After picking up a load of medicines at a Lviv pharmacy, and loading them into a vehicle for delivery to Kharkiv, he paused to reflect on the shipment.
“Look at those boxes, you know.,” he said. “Tomorrow it’s going to be in a hospital and somebody’s going to use it.”
He said the spirit of Ukrainians was formidable, and he was confident better days were ahead.
“If the people keep that spirit they have right now, they’re going to rebuild this country, with the support of course from the West. And I guarantee this country’s going to be different,” he said.

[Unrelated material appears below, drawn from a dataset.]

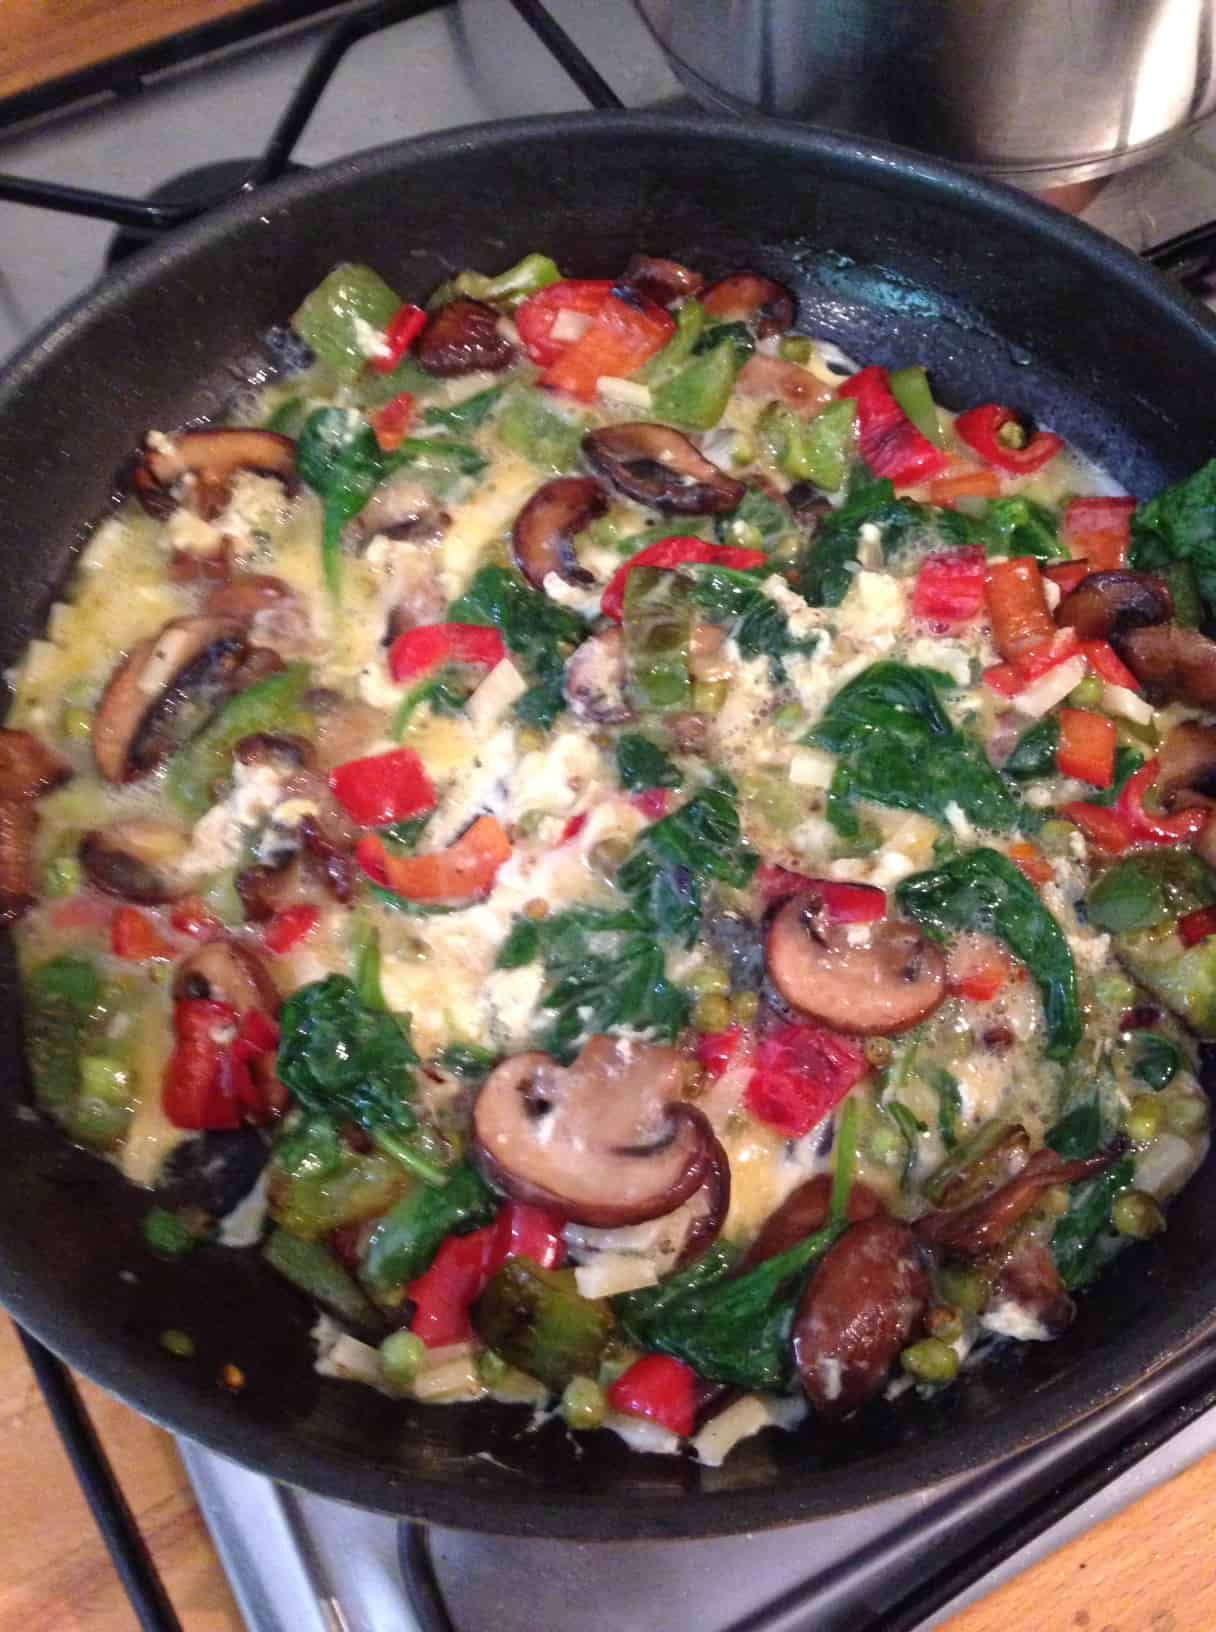 Family friendly meal – basic frittata recipe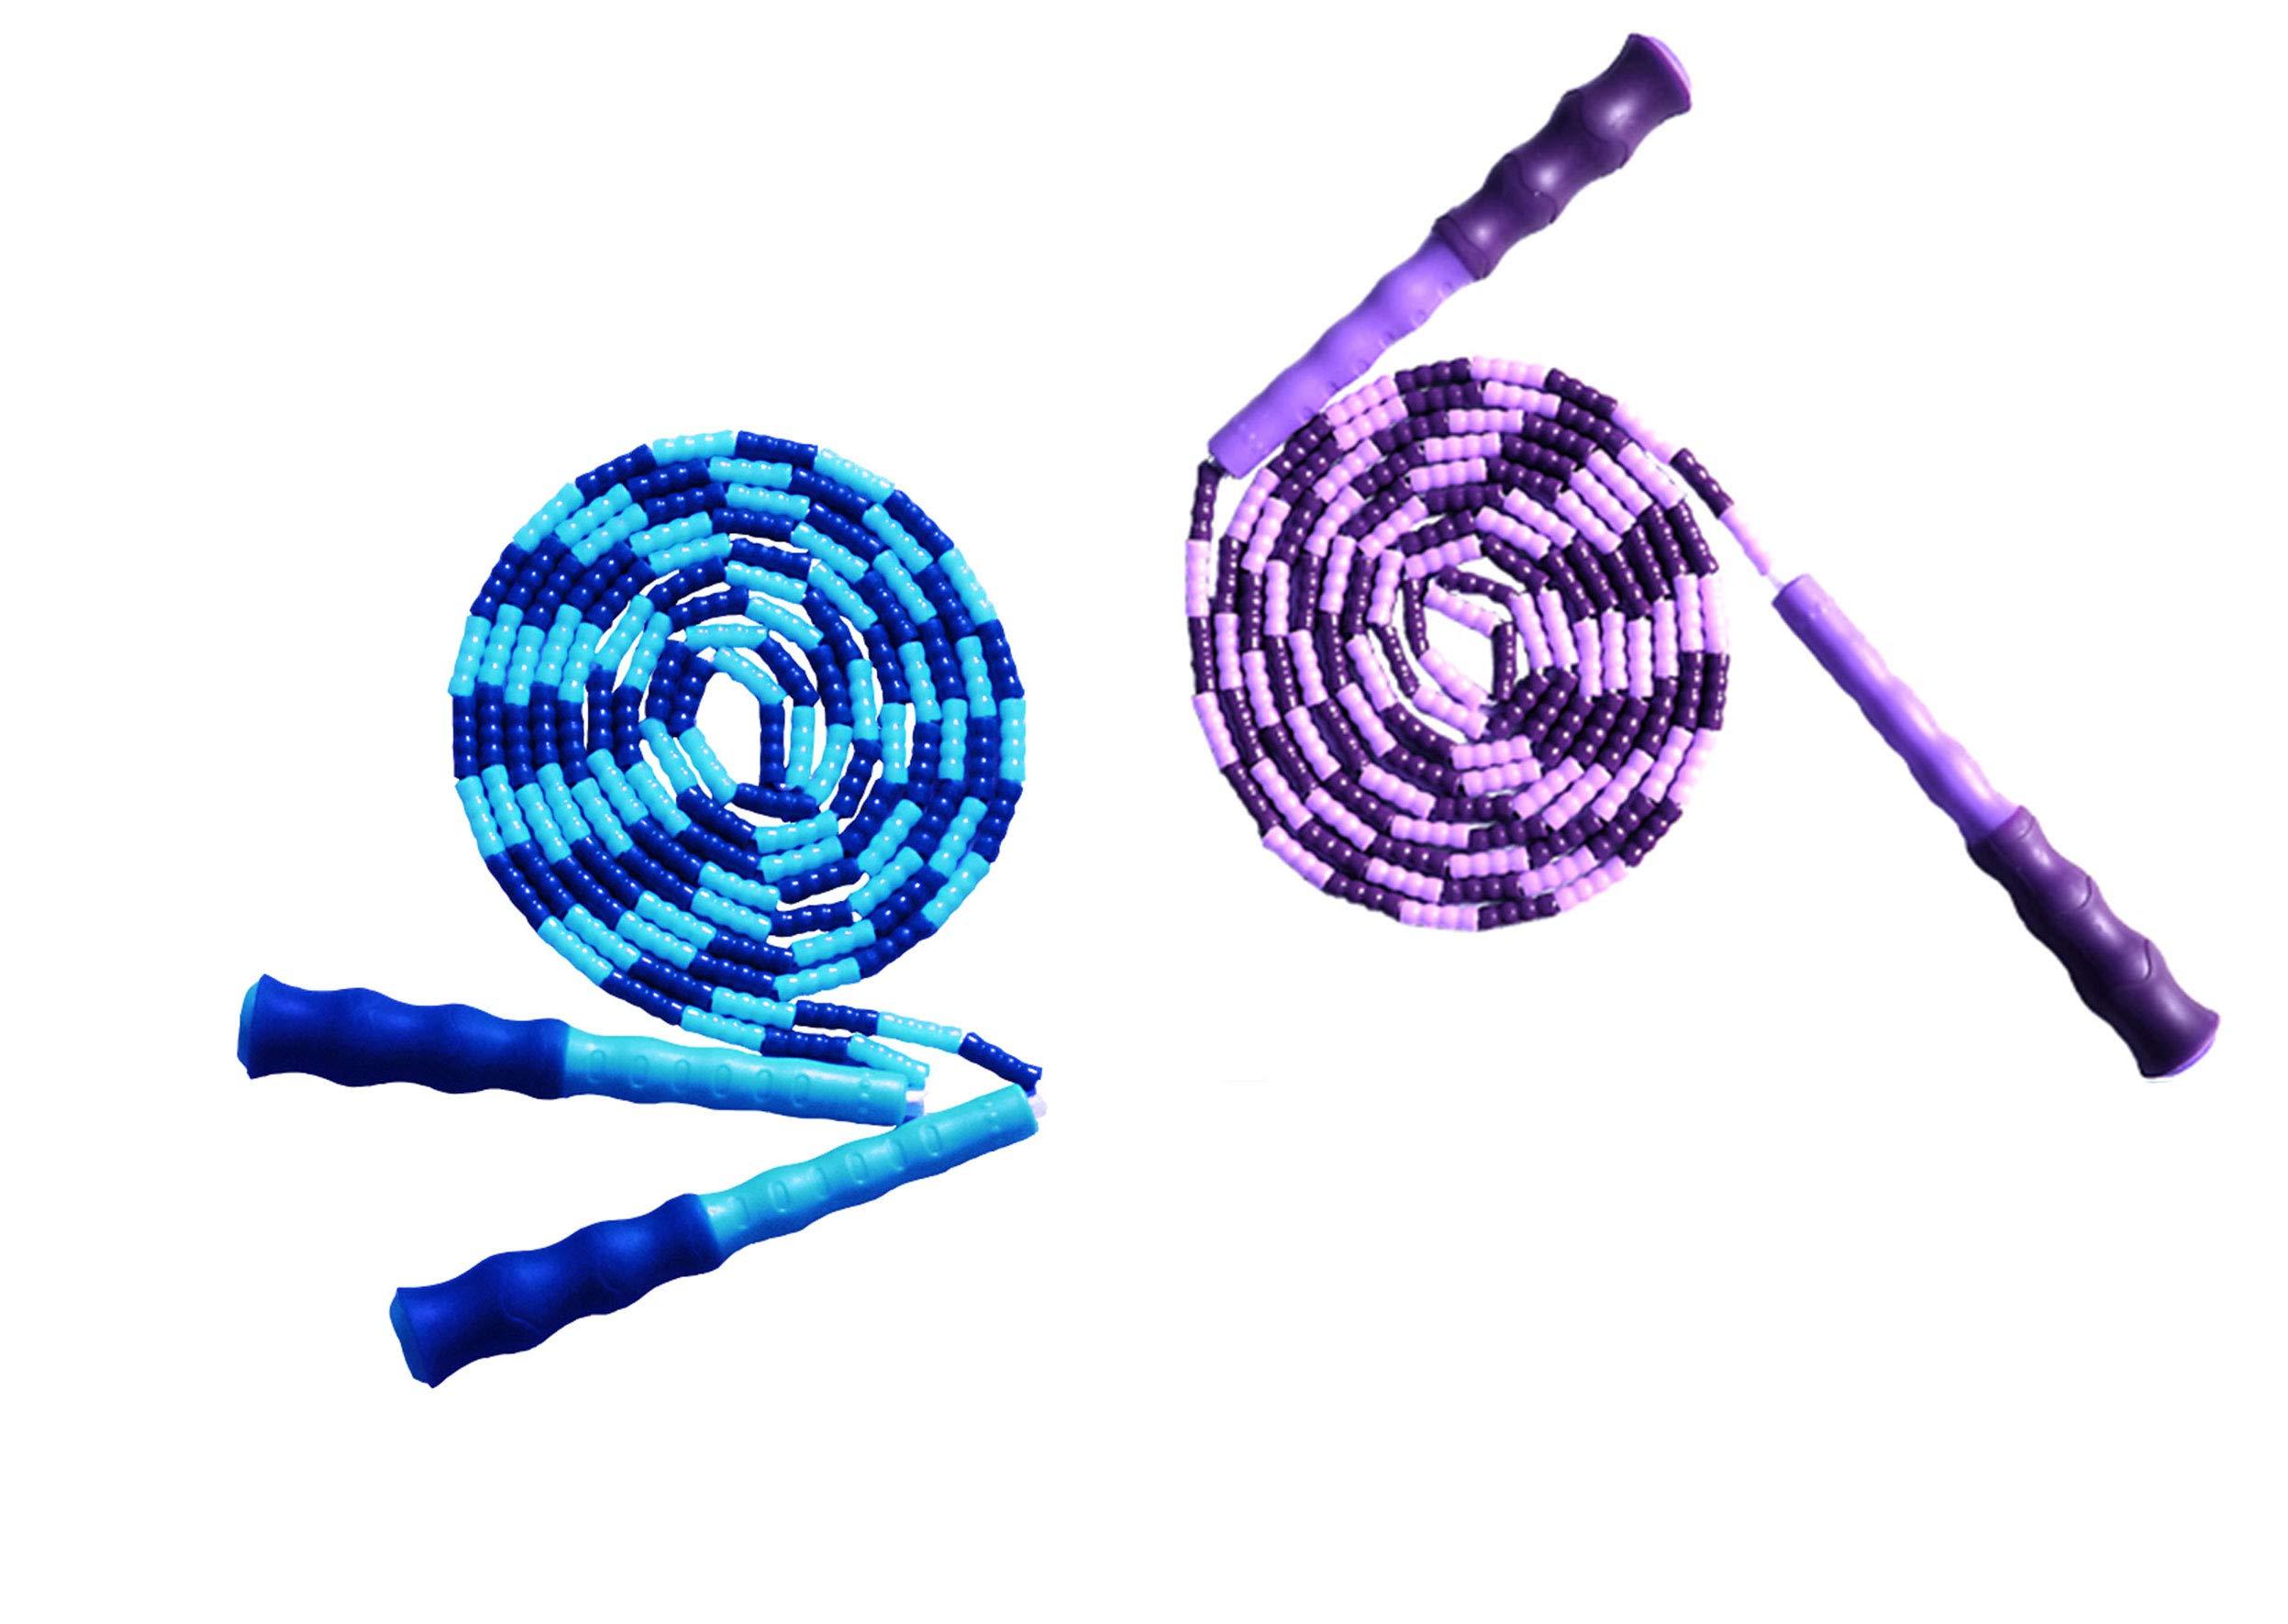 LETUSPORT 9 Feet Adjustable Beaded Segmented Jump Rope for Women Men Kids Lightweight Work Out Speeding Jumping Ropes (Blue+Purple, 2 pcs)

“Because those guys, they fight for freedom on their land. They didn’t go to Russia to fight there. They protect their land. And they don’t have anywhere else to go.”
Two hours northeast of Lviv, Lutsk is a small city on the Styr River with an auto plant built by the Soviets and a 14th-century castle that has withstood waves of attacks.
Ilona Barbulov, a volunteer at the centre supporting the war effort, said she heard the air raid sirens at 5:45 a.m. on Friday, and then she heard planes and three explosions that turned the sky red and rattled her windows.
“The question is why?”
One of the dead was only 27, which felt starkly close to her own age, 29.
“Can you imagine, people that young,” said Barbulov, a physical education teacher and gymnastics coach.
But at the centre, there were things that buoyed her, like seeing elderly women arriving each day to drop off food they had prepared for the soldiers, lest they go hungry defending Ukraine.
“And that’s more than heartbreaking,” she said.